Excel BI - PowerQuery Challenge 286

excel-challenges
power-query
Split the amount on the basis of number of animals and / or food. If there are more than one food, then same number of entries would appear in Amount column also.
Published

March 24, 2026

Illustration for Excel BI - PowerQuery Challenge 286

Challenge Description

Split the amount on the basis of number of animals and / or food. If there are more than one food, then same number of entries would appear in Amount column also.

Solutions

library(tidyverse)
library(readxl)

path = "Power Query/200-299/286/PQ_Challenge_286.xlsx"
input = read_excel(path, range = "A1:C6")
test = read_excel(path, range = "F1:H13")

result = input %>%
  mutate(rn = row_number()) %>%
  separate_rows(1:3, sep = ", ") %>%
  group_by(rn, Food) %>%
  mutate(
    Amount = ifelse(
      n_distinct(Animals) > n_distinct(Food) & n_distinct(Amount) == 1,
      as.numeric(Amount) / n_distinct(Animals),
      as.numeric(Amount)
    )
  ) %>%
  ungroup() %>%
  select(Animal = Animals, Food, Amount)

all.equal(result, test, check.attributes = FALSE)
# TRUE

  • Logic:

    • Reads the workbook range needed for the challenge

    • Aggregates or ranks values at the relevant grouping level

    • Builds helper columns that drive the final output

  • Strengths:

    • The R solution stays close to the workbook logic and keeps the transformation compact.

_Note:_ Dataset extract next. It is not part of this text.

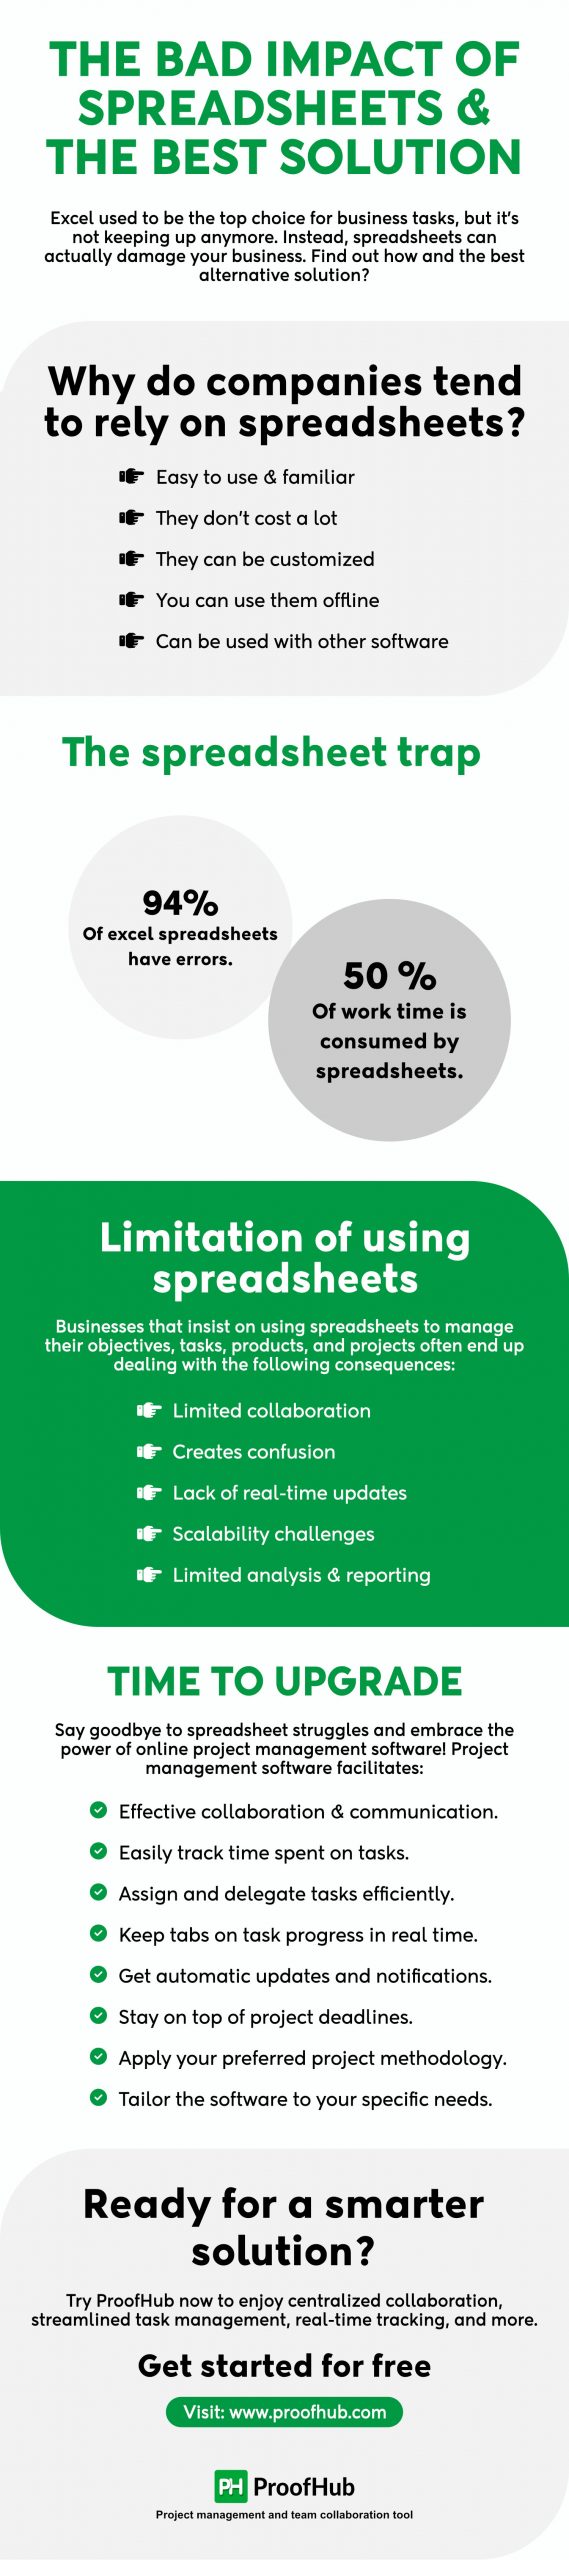 The Bad Impact of Spreadsheets and The Best Solution

  • Areas for Improvement:

    • The code assumes the workbook layout and selected ranges remain stable.

  • Gem:

    • The best part of the solution is choosing the right intermediate shape before formatting the final output.
import pandas as pd
import re

path = "200-299/286/PQ_Challenge_286.xlsx"
input = pd.read_excel(path, usecols="A:C", nrows=5)
test = pd.read_excel(path, usecols="F:H", nrows=13).rename(columns=lambda x: x.replace('.1', ''))

input['rn'] = input.index
cols = ['Animals', 'Food', 'Amount']
input[cols] = input[cols].applymap(lambda x: re.split(r',\s*', x) if isinstance(x, str) and ',' in x else [x])
input['max_len'] = input[cols].applymap(len).max(axis=1)
input['Food_set_len'] = input['Food'].apply(lambda x: len(set(x)))
input['Animals_set_len'] = input['Animals'].apply(lambda x: len(set(x)))
input['Amount'] = input['Amount'].apply(lambda x: [float(i) for i in x])

def expand_row(row):
    for col in cols:
        row[col] = (row[col] * row['max_len'])[:row['max_len']]
    return row

input = input.apply(expand_row, axis=1)
input = input.explode(cols, ignore_index=True)
input['Amount'] = input.apply(
    lambda row: int(row['Amount'] / row['Animals_set_len']) if row['Food_set_len'] < row['Animals_set_len'] else int(row['Amount']),
    axis=1
).astype('int64')
input = input[['Animals', 'Food', 'Amount']]
input = input.rename(columns={'Animals': 'Animal'})

print(input.equals(test)) # True

  • Logic:

    • Reads the workbook range needed for the challenge

    • Uses direct pattern parsing where the workbook encodes logic in text

    • Applies the rule iteratively until the output is complete

  • Strengths:

    • The Python version follows the same workbook rule in a direct pandas-oriented implementation.

  • Areas for Improvement:

    • As with the R version, any workbook layout change would require small adjustments.

  • Gem:

    • The implementation stays close to the source challenge instead of adding unnecessary abstraction.

Difficulty Level

This task is moderate:

  • It combines reshaping, grouping, or parsing steps that are common in Power Query style problems.

  • The main challenge is reproducing the workbook output structure exactly.